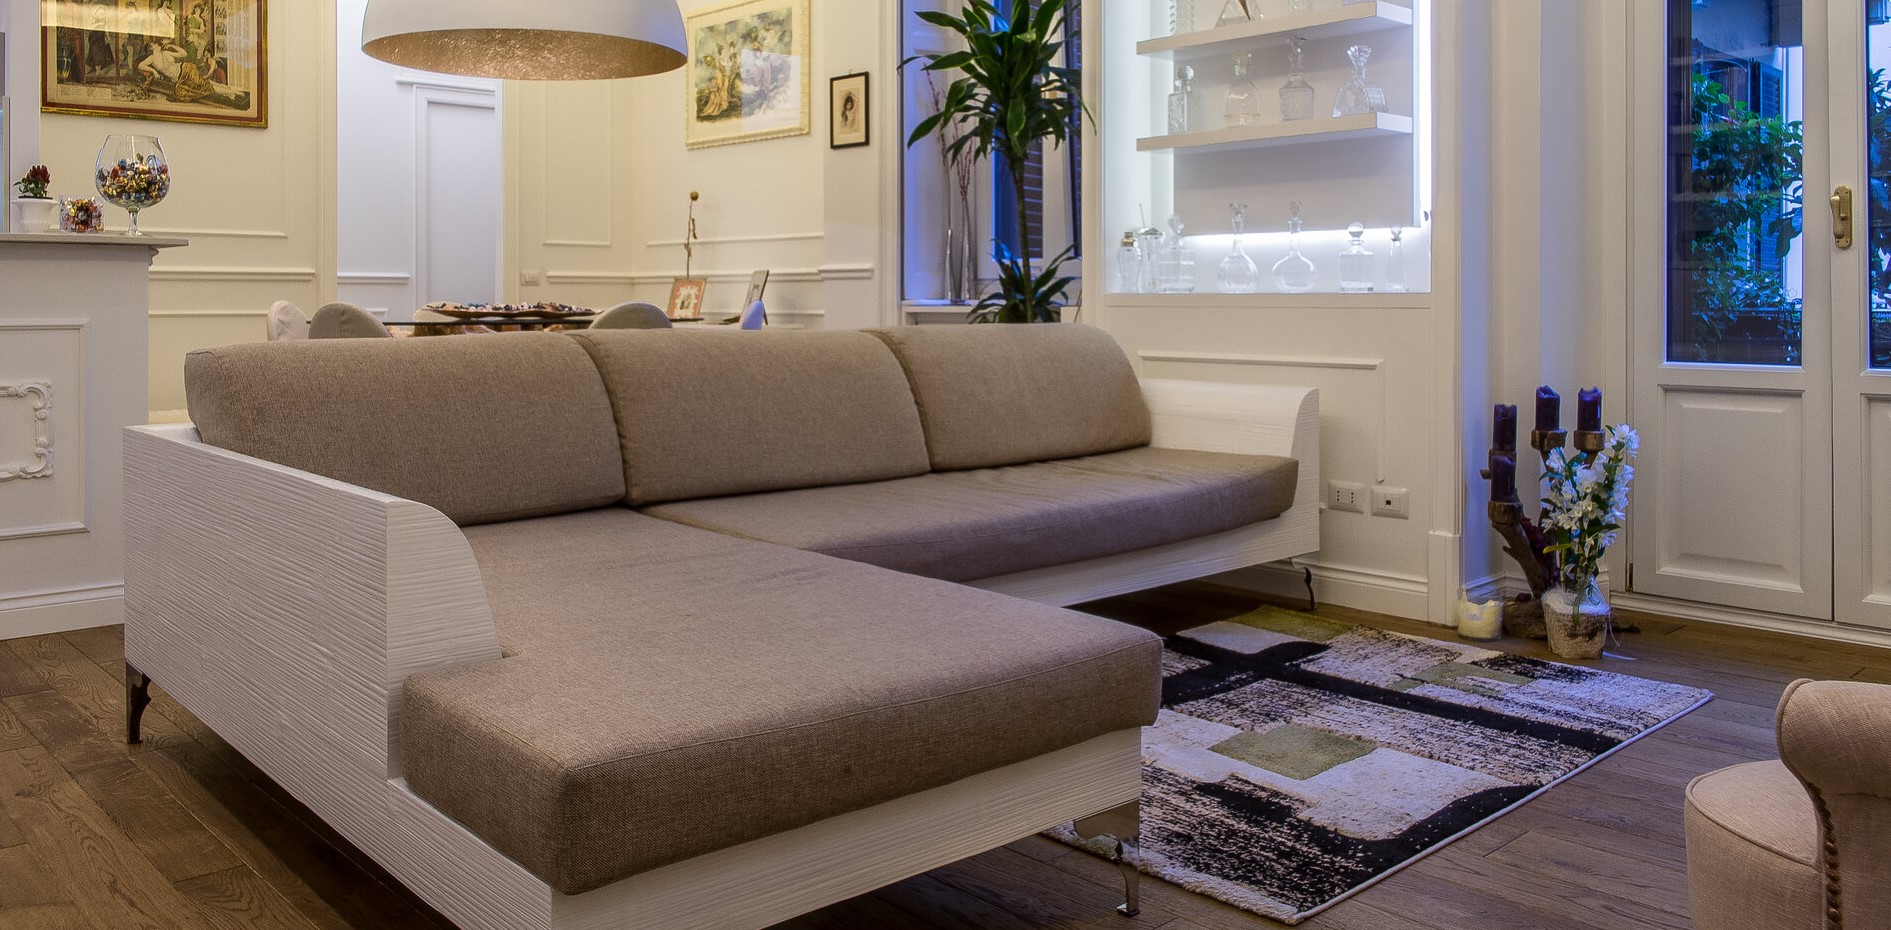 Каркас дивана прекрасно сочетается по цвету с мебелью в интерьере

...

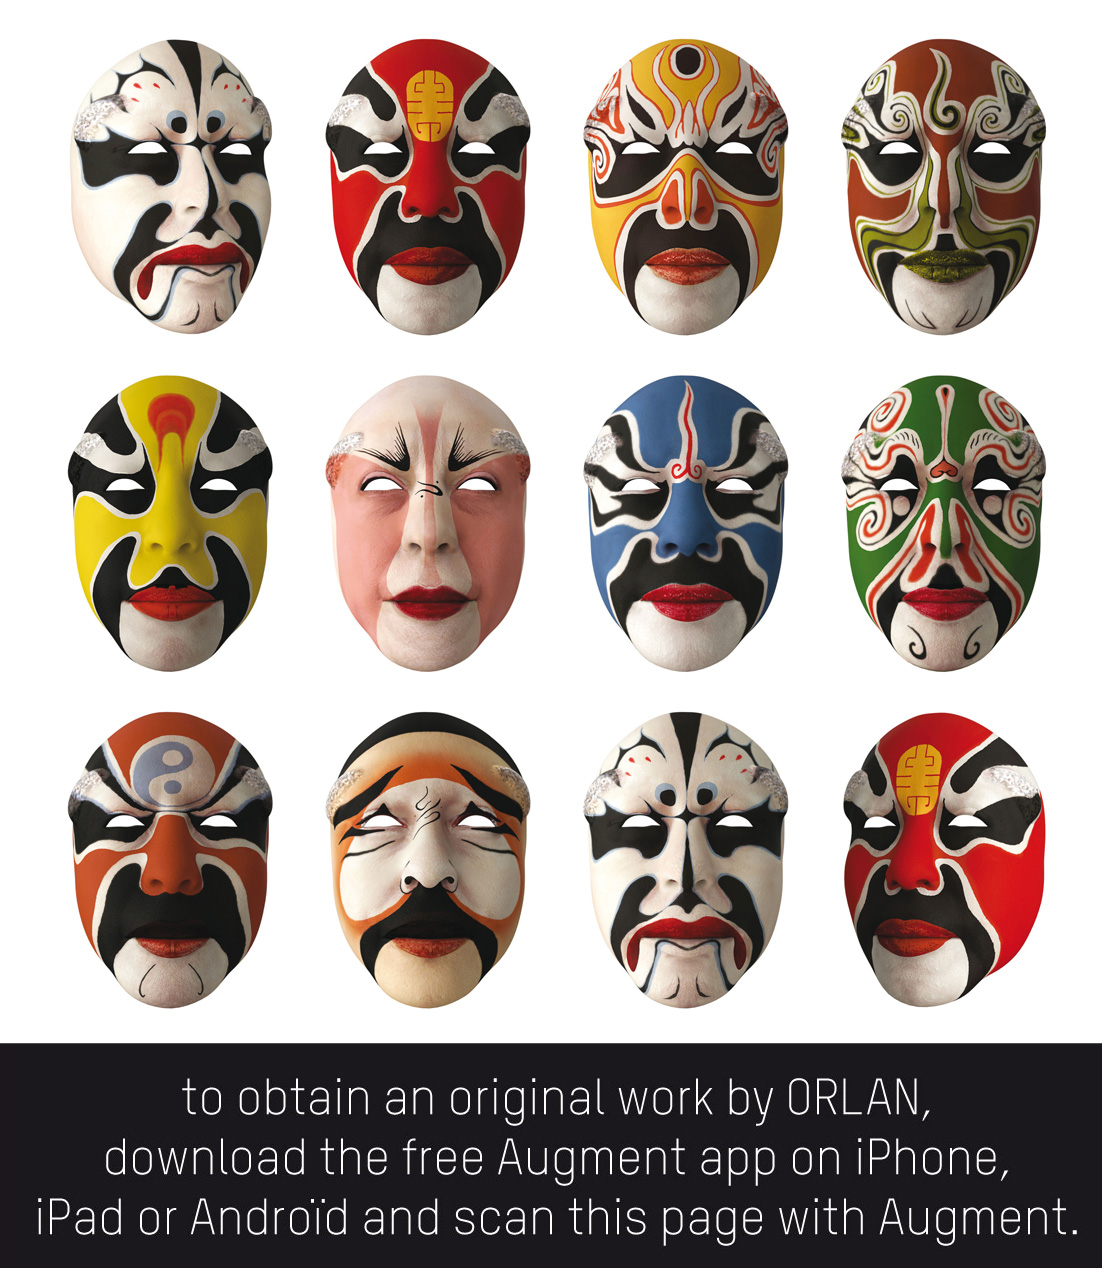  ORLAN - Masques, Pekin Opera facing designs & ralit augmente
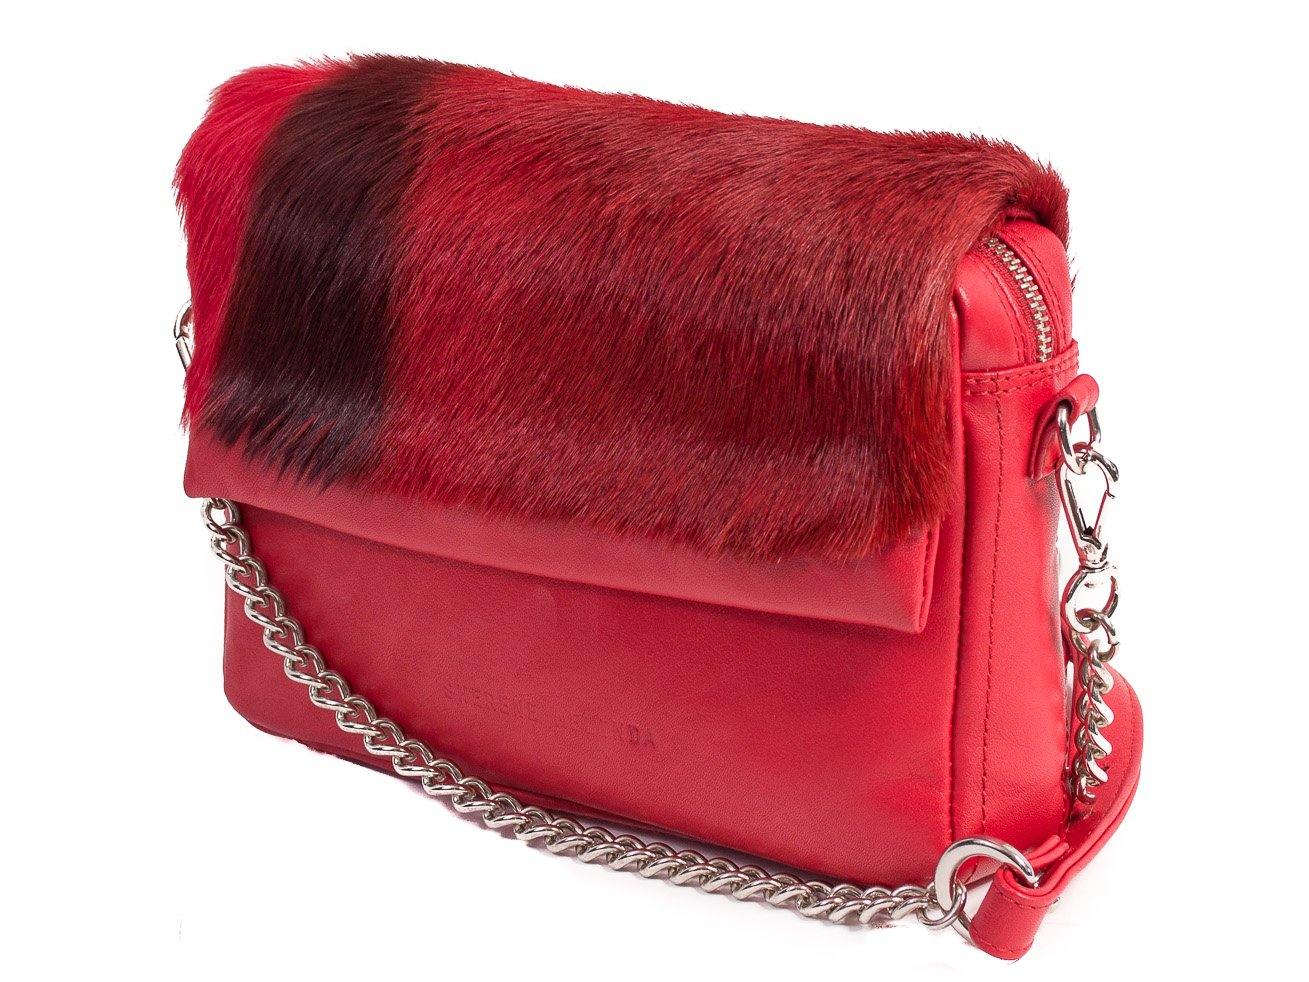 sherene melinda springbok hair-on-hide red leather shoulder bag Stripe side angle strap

==

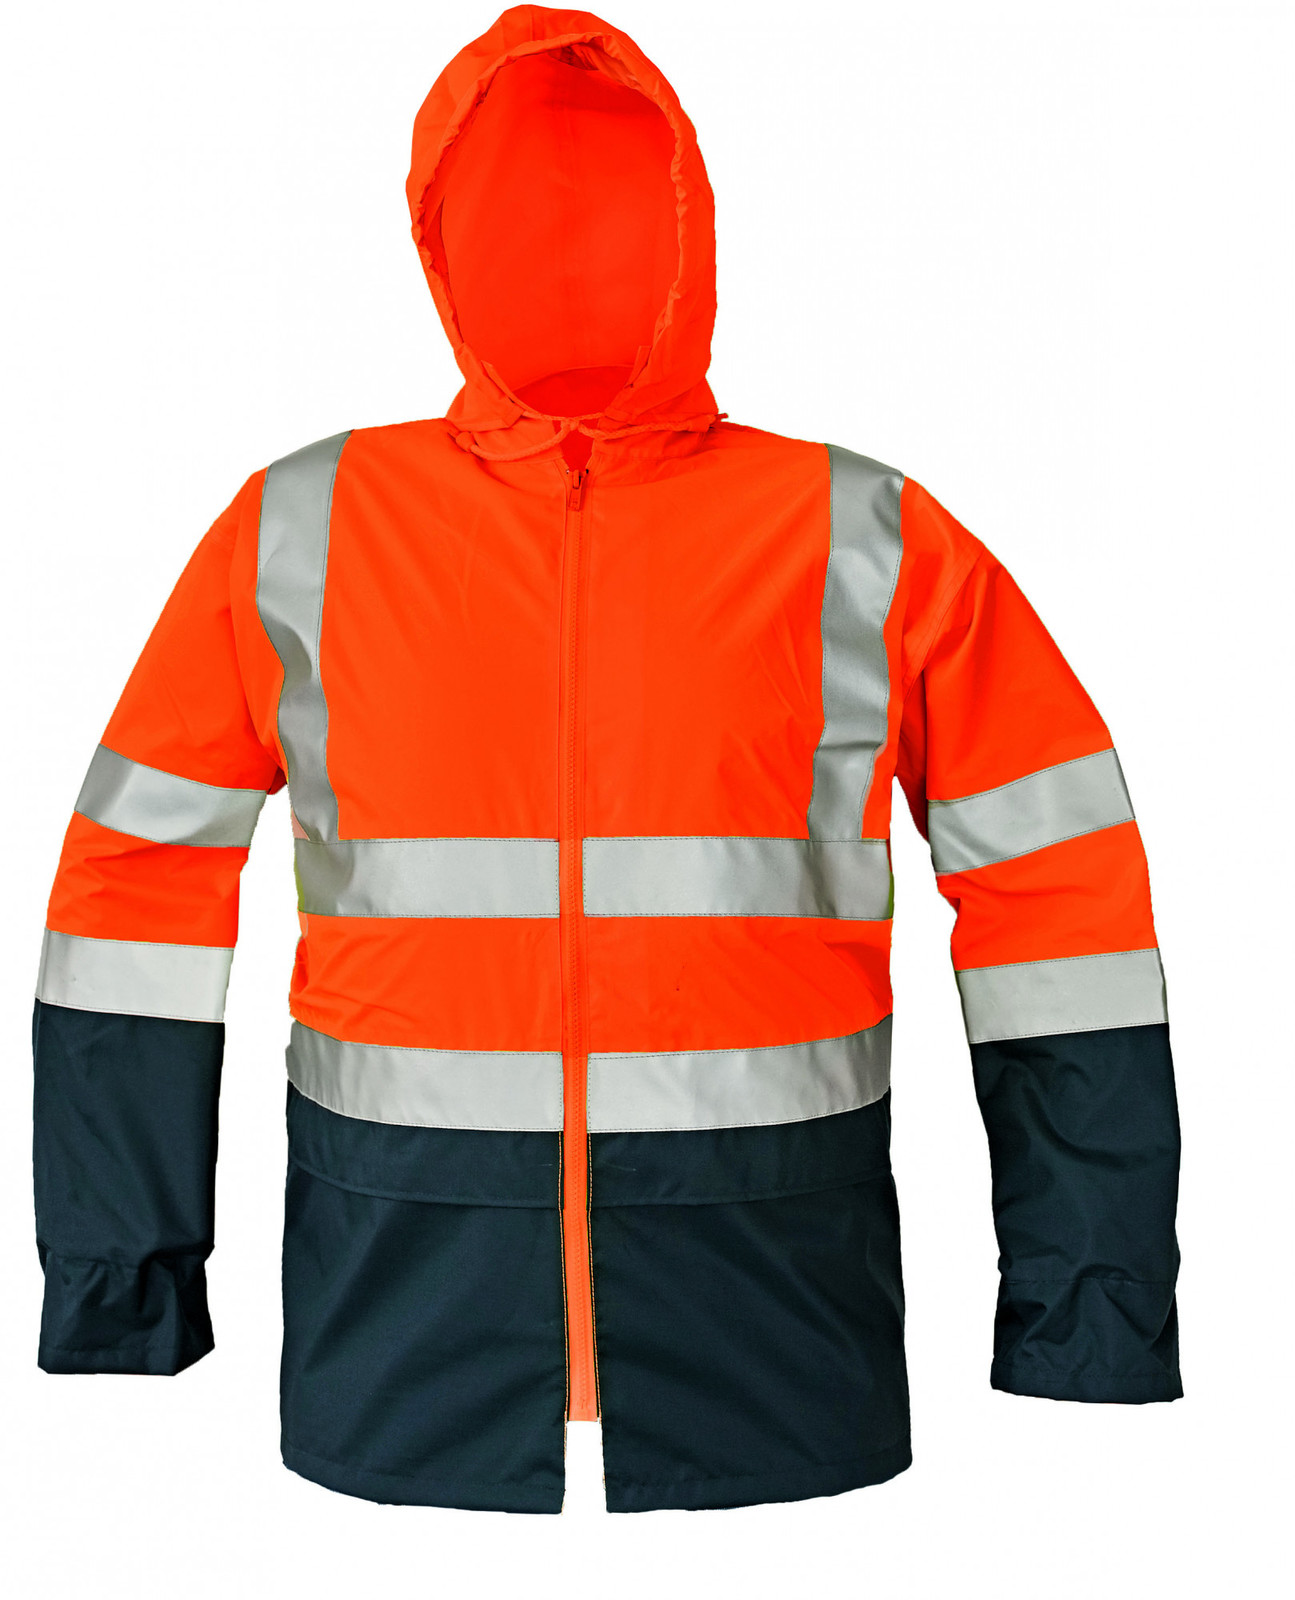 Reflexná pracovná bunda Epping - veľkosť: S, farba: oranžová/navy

Instructions to follow –
The line holding "ORLAN - Masques, Pekin" starts the copy and the line holding "sherene melinda springbok" ends it. Repeat those two lines above and all between them exactly, leaving out pictures.

Answer section –
  ORLAN - Masques, Pekin Opera facing designs & ralit augmente
 sherene melinda springbok hair-on-hide red leather shoulder bag Stripe side angle strap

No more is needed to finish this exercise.